» **PROBLEM STATEMENT**
Go through the listing that follows and write it out exactly. Drop the pictures.

» **DATA BLOCK**
..........
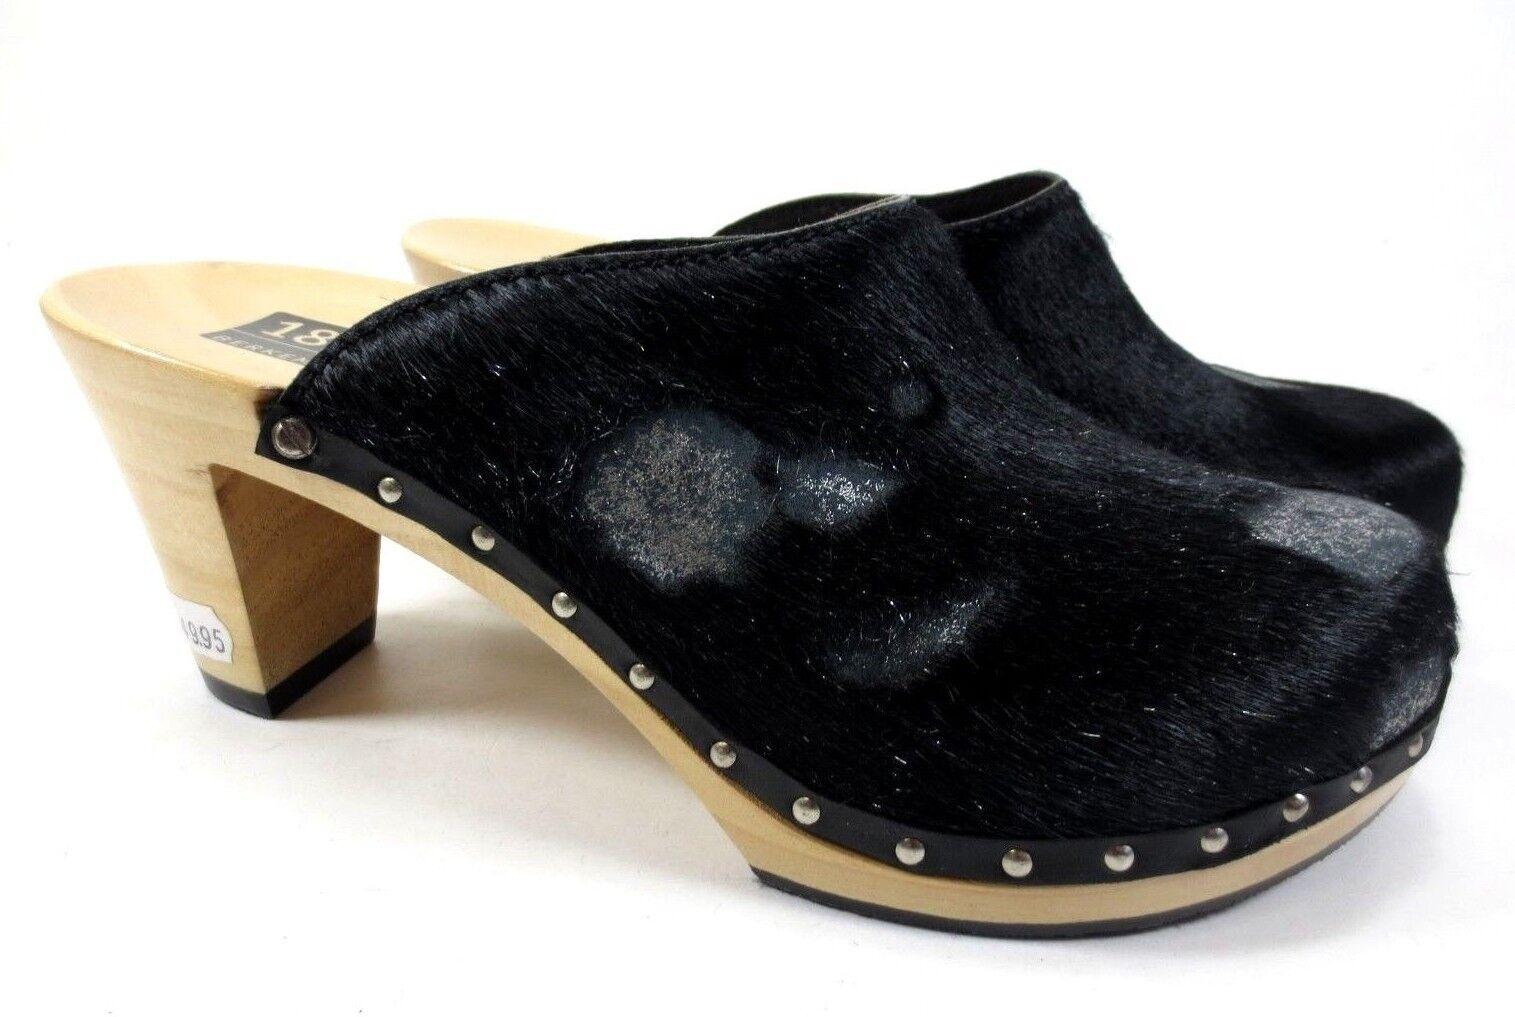 BERKEMANN Miley CLOGS Leder Holz Pantoletten black Kuhfell Fell NEU 149,95
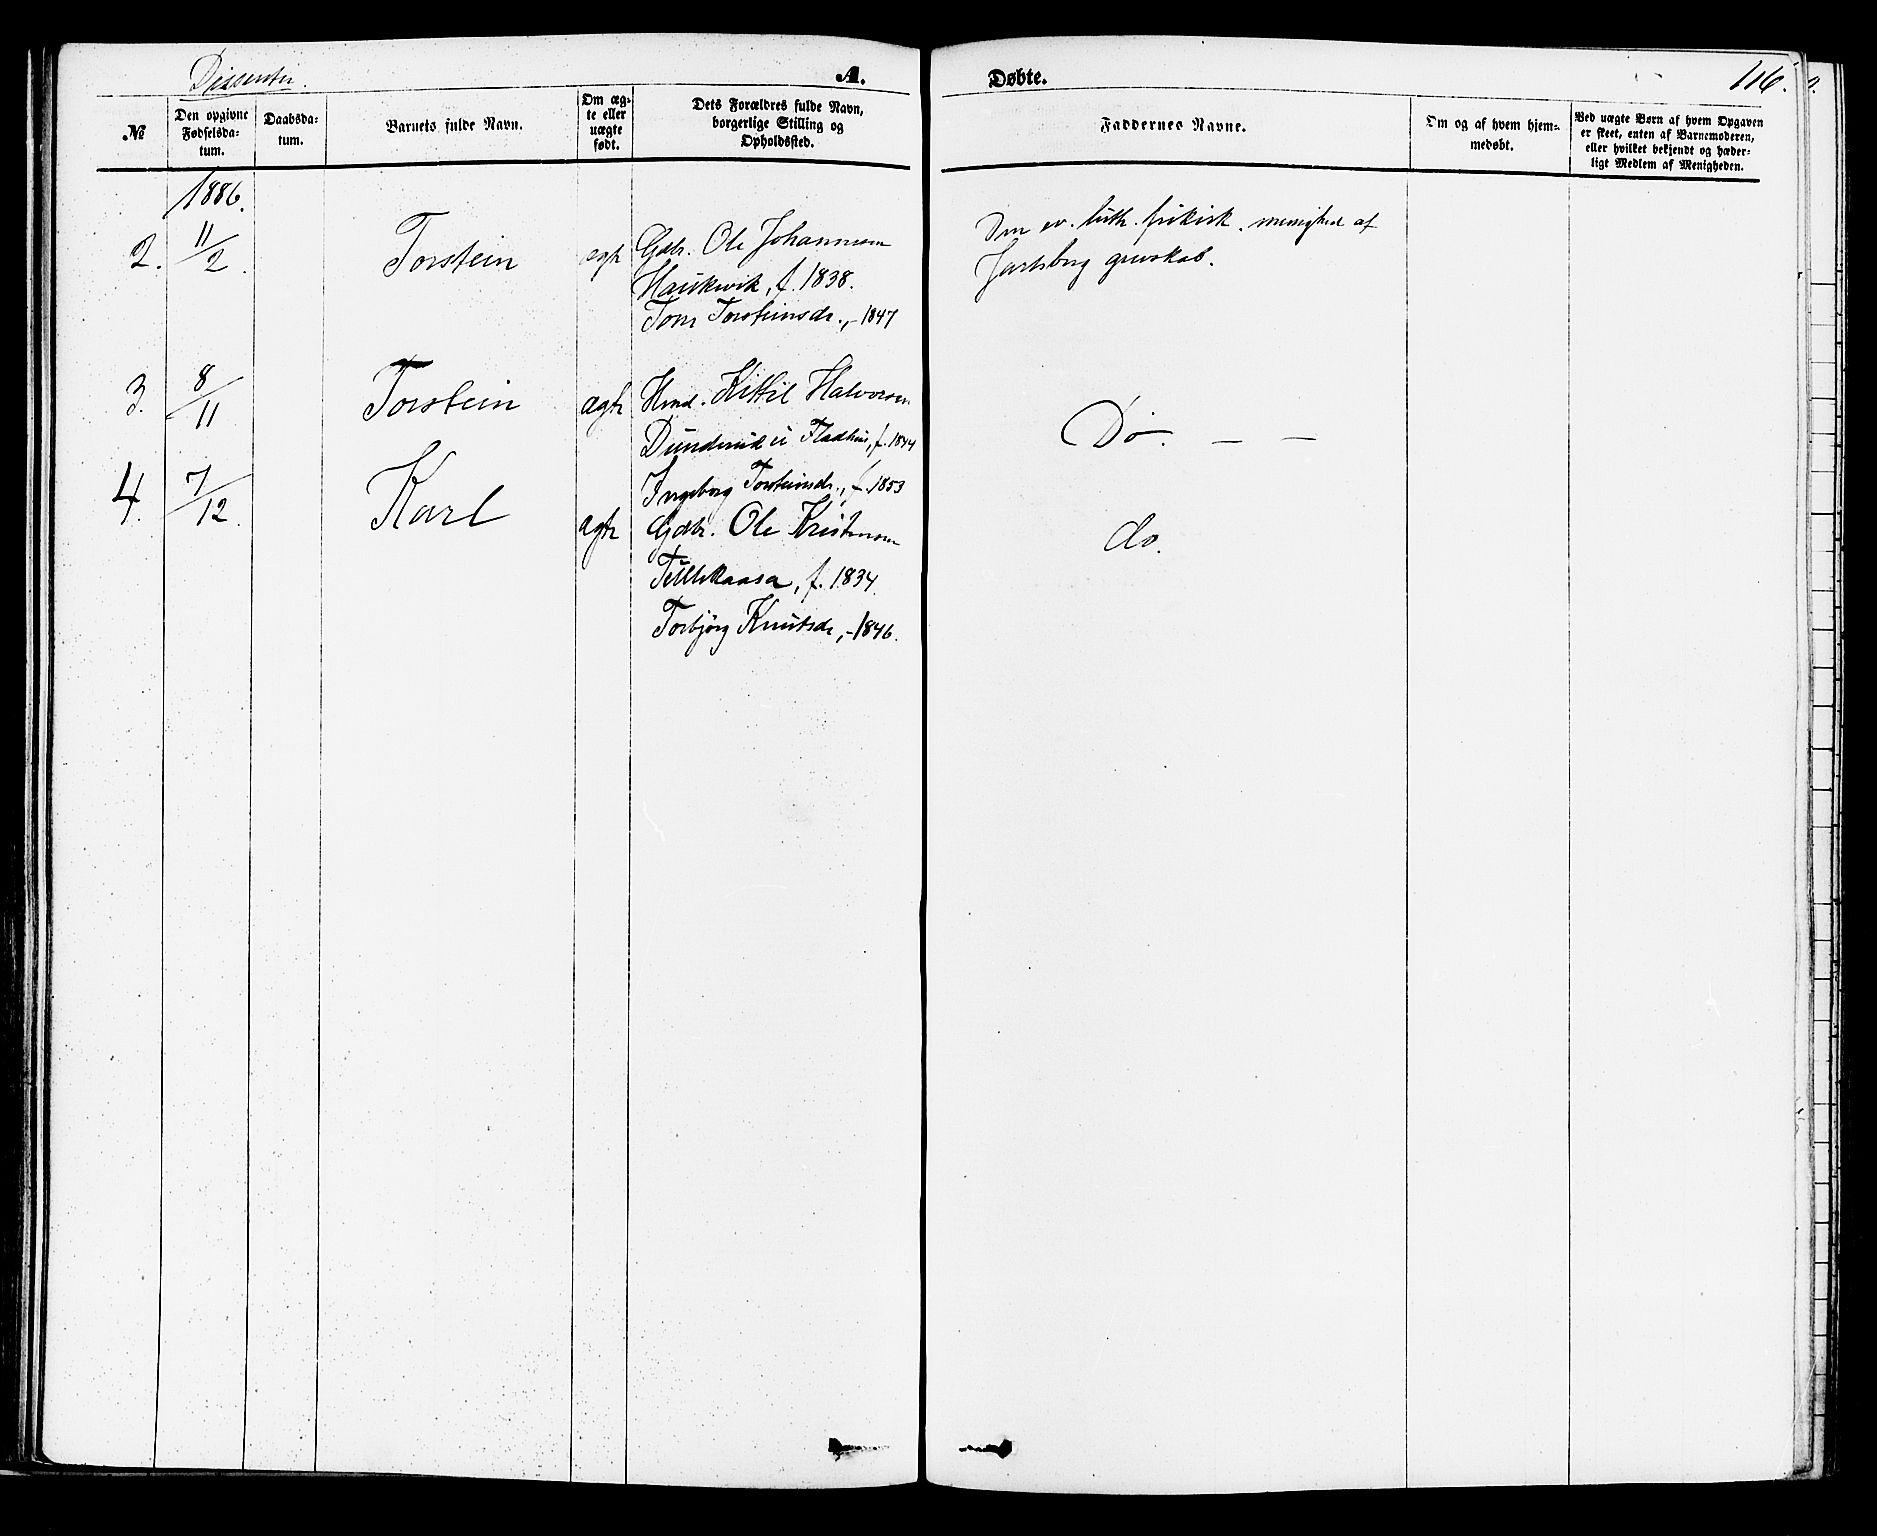 SAKO, Sauherad kirkebøker, F/Fa/L0008: Ministerialbok nr. I 8, 1873-1886, s. 116
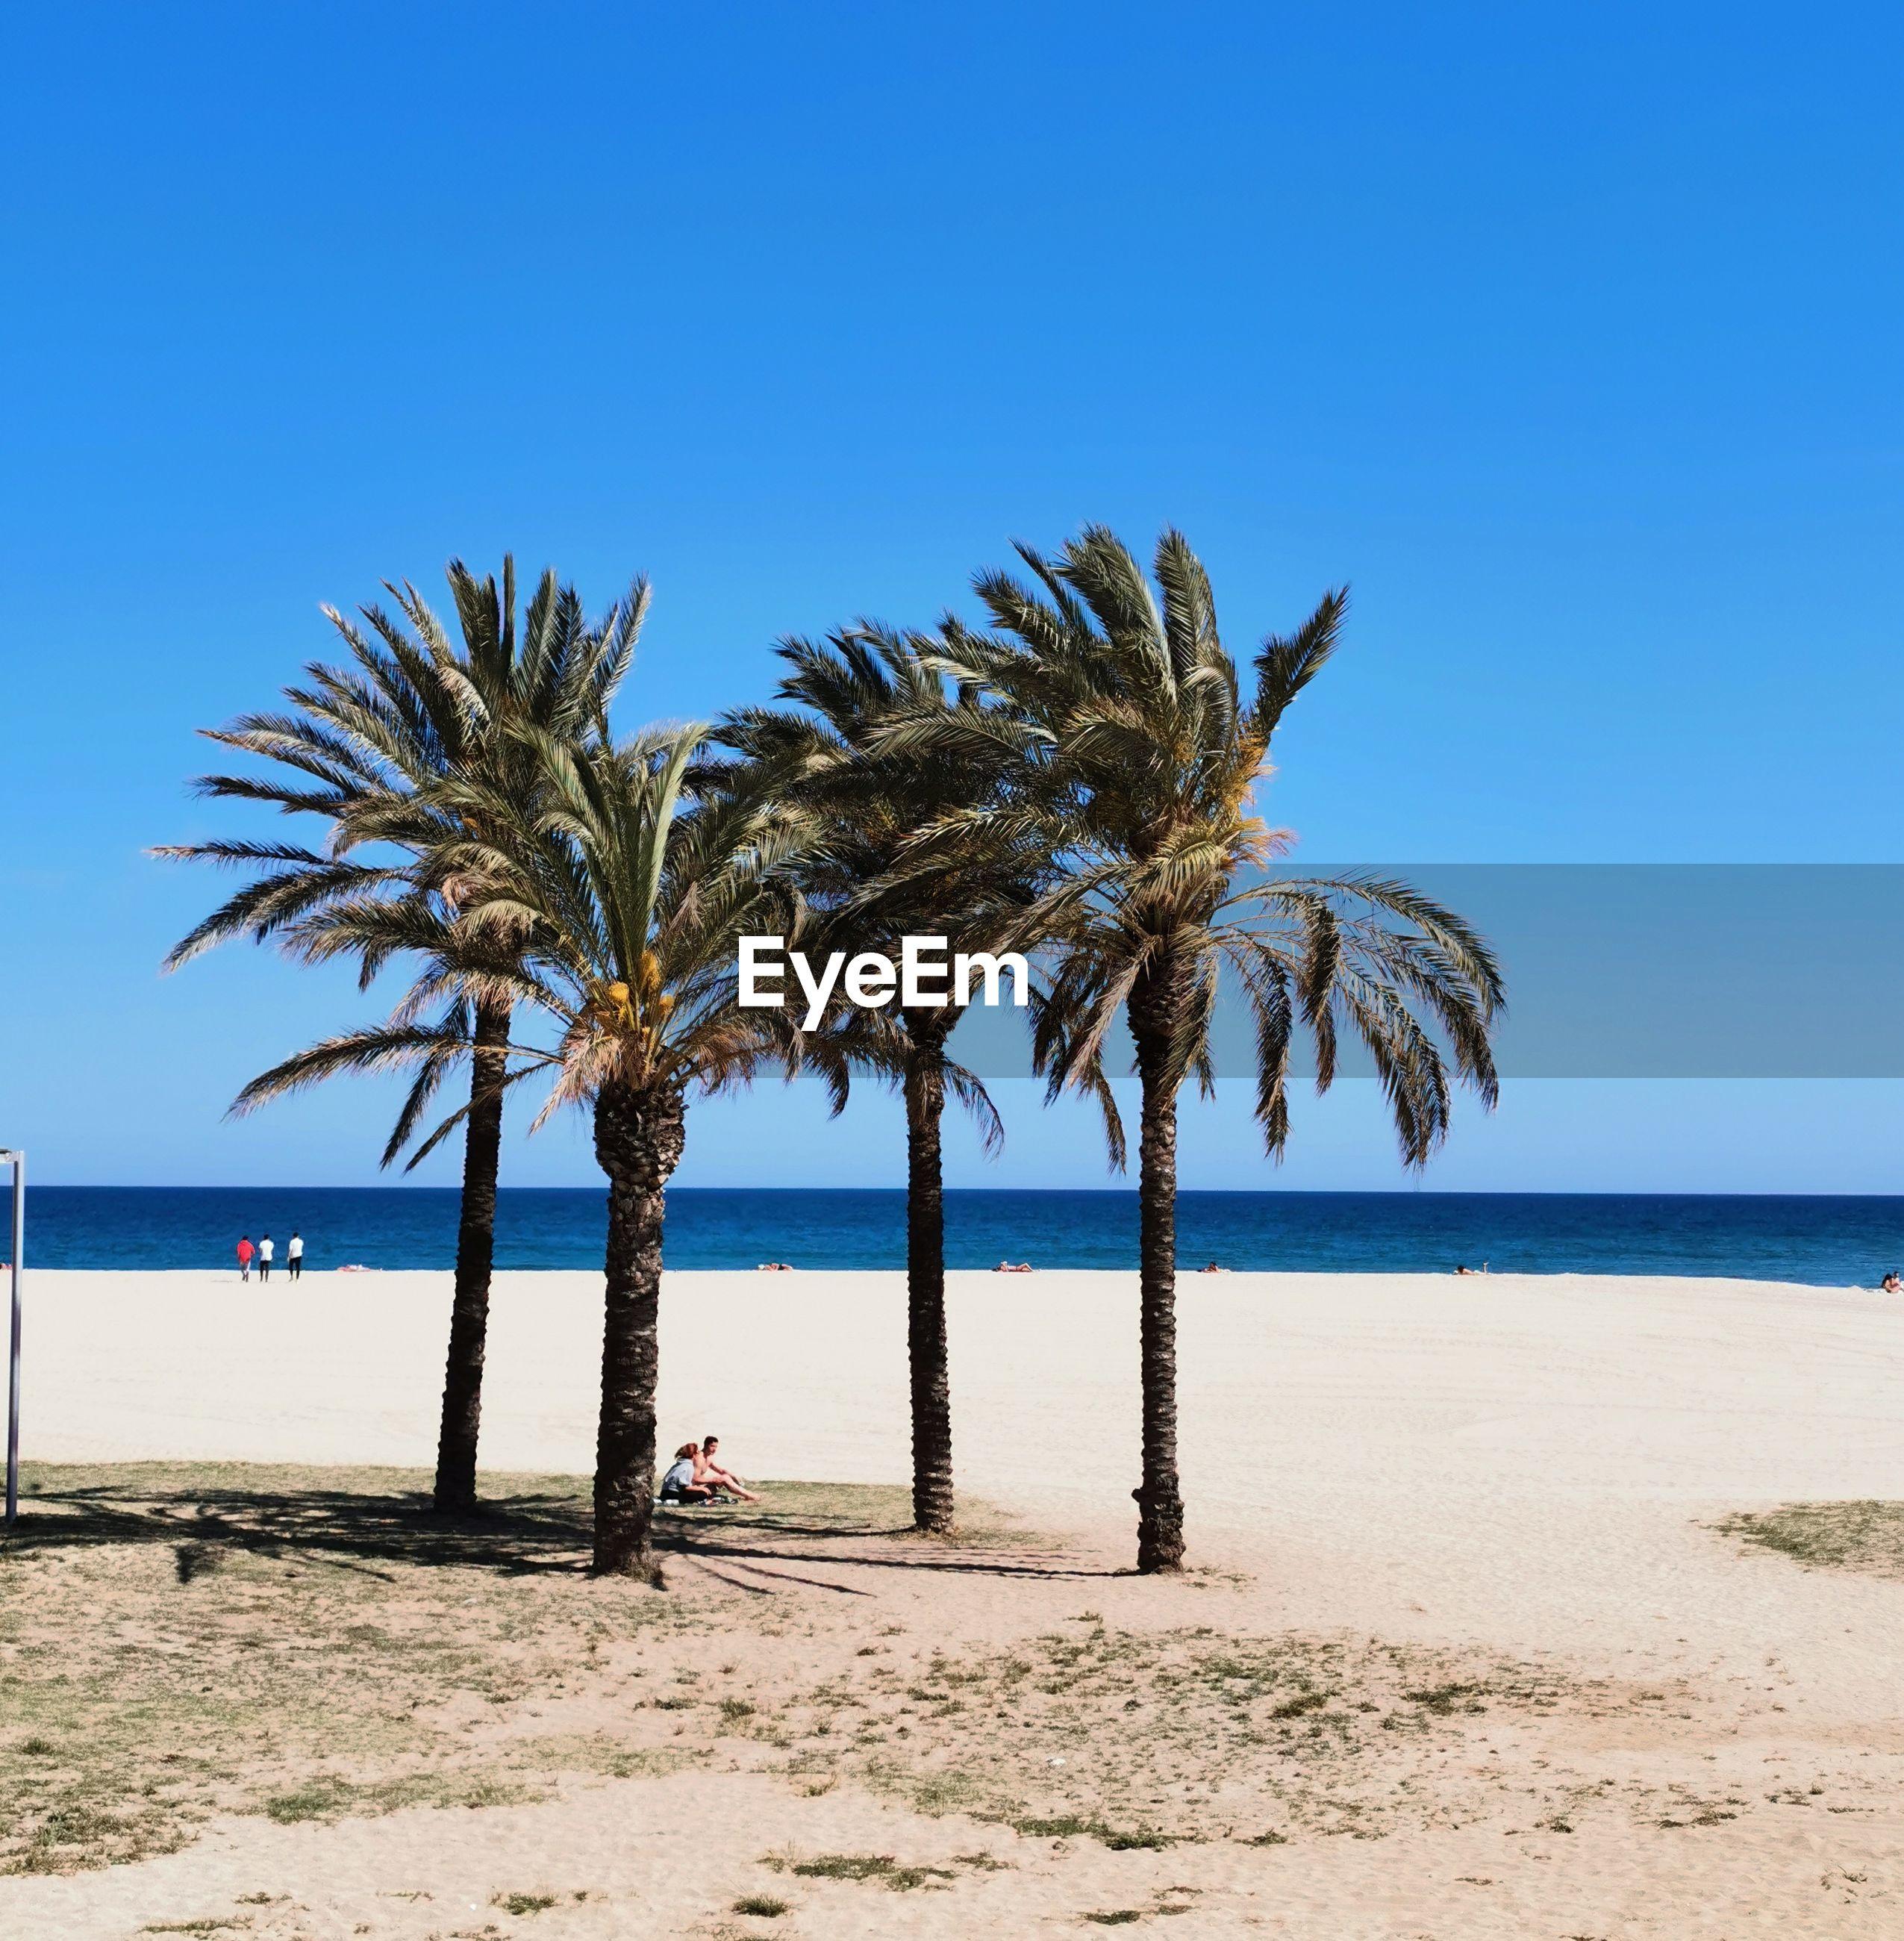 PALM TREES AT BEACH AGAINST CLEAR BLUE SKY
..........
» **EXERCISE OUTPUT**
 BERKEMANN Miley CLOGS Leder Holz Pantoletten black Kuhfell Fell NEU 149,95
 SAKO, Sauherad kirkebøker, F/Fa/L0008: Ministerialbok nr. I 8, 1873-1886, s. 116
 PALM TREES AT BEACH AGAINST CLEAR BLUE SKY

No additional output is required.